The one-on-one game at the end between Jesus and Jake Shuttlesworth (Ray Allen and Denzel Washington.) Another game where the stakes are obscenely high, making it fantastic. Rumor has it that in the script, Jesus was supposed to beat Jake 11-0, but Spike Lee told them to just start playing and they would start filming (assuming that an NBA player would destroy Denzel in one-on-one.) But Denzel started firing up some garbage shots that went in and jumped out to a quick lead, and Ray got legitmately pissed and took over the game, and that's why there is such real intensity during the scene in the movie. That could be complete bullshit, but if you can't trust Spike Lee, who can you trust?


6. Happy Gilmore

The final round of the Tour Championship between Happy and Shooter McGavin. Between the 400-yard drives, Happy getting run over by a Volkswagen, and the TV tower collapsing on the 18th green, that's about as much drama as you could ask for on a golf course.


5. Above the Rim

The championship game where Shep gets shot afterwards. Intensity, rim-rocking dunks, shaky defense, rap music, trash-talking, noticeable lack of white people, Tupac, concealed weapons...this tournament embodies everything I love about basketball.


This movie taught me that when Tupac says "Take care yo' bidness" it really means "I have provided you with a handgun. Go shoot that gentleman when his attention is diverted elsewhere."




4. Rocky/Creed II

I could've went with any of the Rocky fights here. I've always had a soft spot in my heart for Clubber Lang, and the Rocky/Ivan Drago fight would've been a dandy, but it would've been awesome to see Rocky break through and beat Apollo Creed in probably the best boxing match of the whole series.


3. Mighty Ducks vs. Iceland

I'M NOT GOING TO DEFEND THIS ONE! I JUST LIKE IT, OK?!?! QUACK! QUACK! QUACK! QUACK!

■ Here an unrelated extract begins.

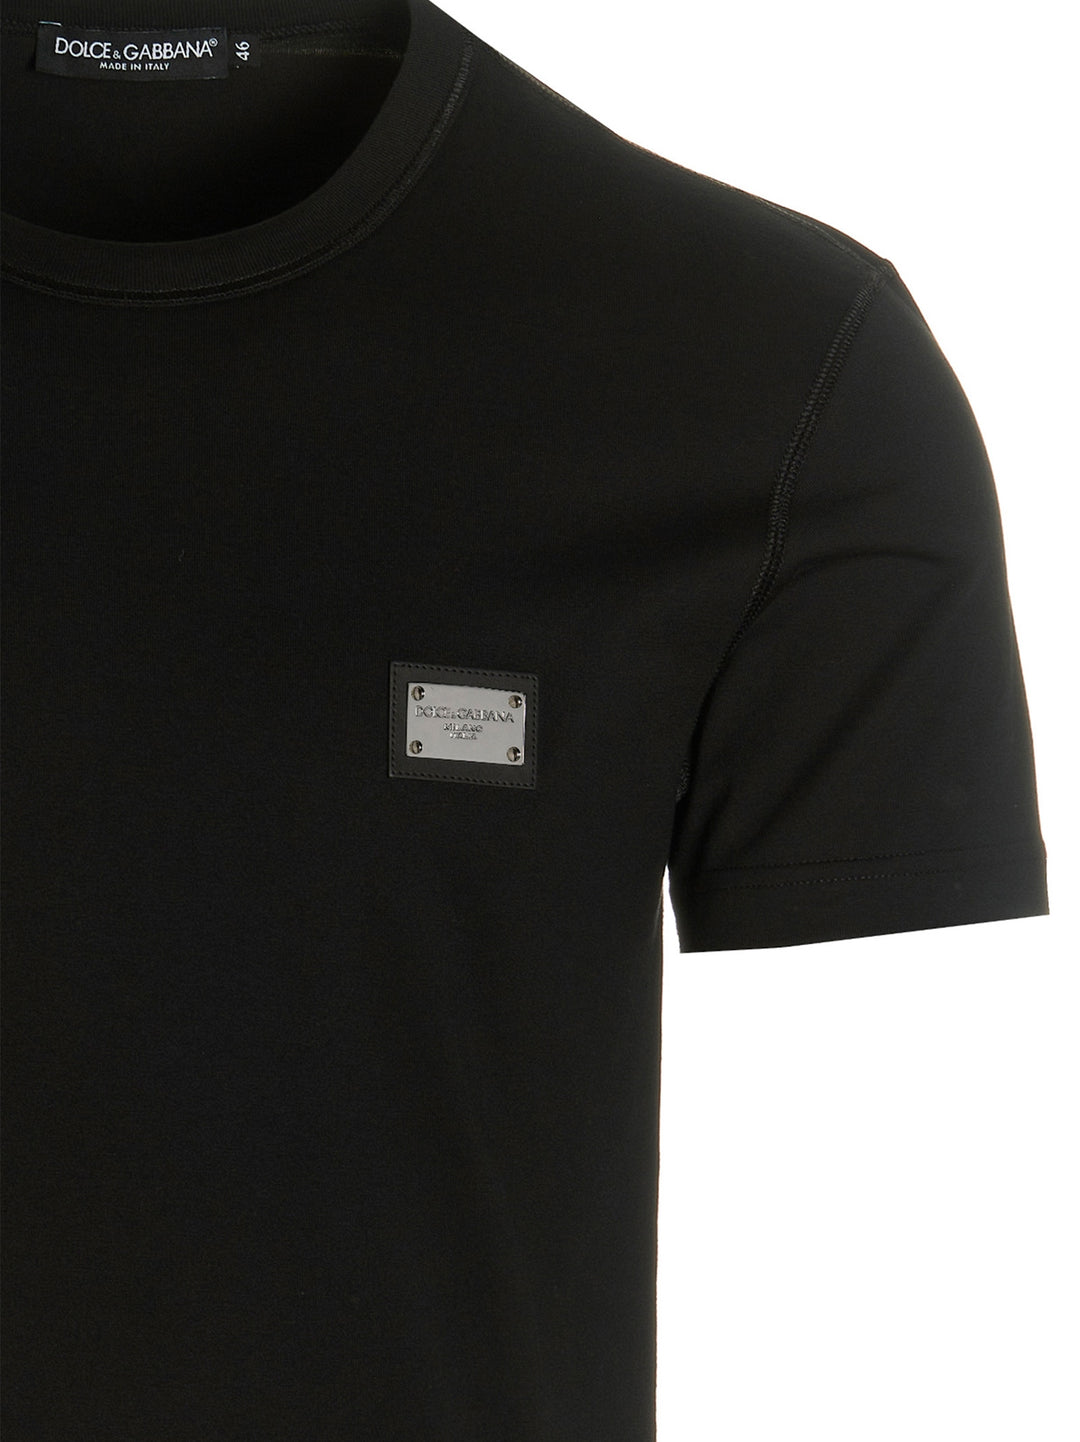 Dg Essential T Shirt Nero

The fact that Marguerite Moreau was the right wing for the Mighty Ducks is really just a cheap excuse to get a picture of her up here. I think she's my all-time #1 weakness. If I were to stalk one Hollywood actress, it would be her. She's just so girl-next-door, right? Like, I feel like I would have a real chance with her, you know what I'm saying? I would show her what the 'Flying V' is, and here's a hint: it takes place on my face, not on a hockey rink. The things I would do to that girl.....I think I just blacked out for a second. What are we talking about? Sports movies?


2. Victory

The Allied POW Team vs. Germany during WWII. The only factor keeping this game out of the top spot is that it's soccer. I don't dislike soccer, I could get into it if I tried, but I'm just not knowledgable enough about it for this game to be #1. Otherwise, it would be on top by a large margin. A dramatic comeback, goals left and right, the Allied Team overcoming the Nazi refs who are blatantly cheating, topped off by a fantastic shootout (featuring Sylvester Stallone as the Allied Team goalie.) Plus, at the end, when the crowd storms the field and tramples the Nazi guards to help the POWs escape, how great would that be? How often do you get to cheer against FUCKING NAZIS? Awesome.


Hello, new desktop. I can't believe I found this, google rocks my socks sometimes.



1. Major League

The one-game playoff against the Yankees. When the Indians bring in Wild Thing in the 9th to face Haywood with the sacks jacked and a tie game, and the whole stadium is rocking and rolling and singing "Wild Thing"...I mean, WOW....I could watch that scene a thousand times in a row and still get goosebumps on the 1,001th. And then the Tribe wins and everyone storms the field (developing theme: major bonus points for movies where the crowd gets to storm the field.) Lordy, I love playoff baseball.





"Enjoy it, Charlie. It's all downhill from here. This is what we in the industry like to call "peaking." Ever heard of Two and a Half Men? You will.


What'd I miss? And don't bother mentioning the homoerotic shirtless game of beach volleyball from Top Gun. I already thought about that one....long and hard (that's what she said.)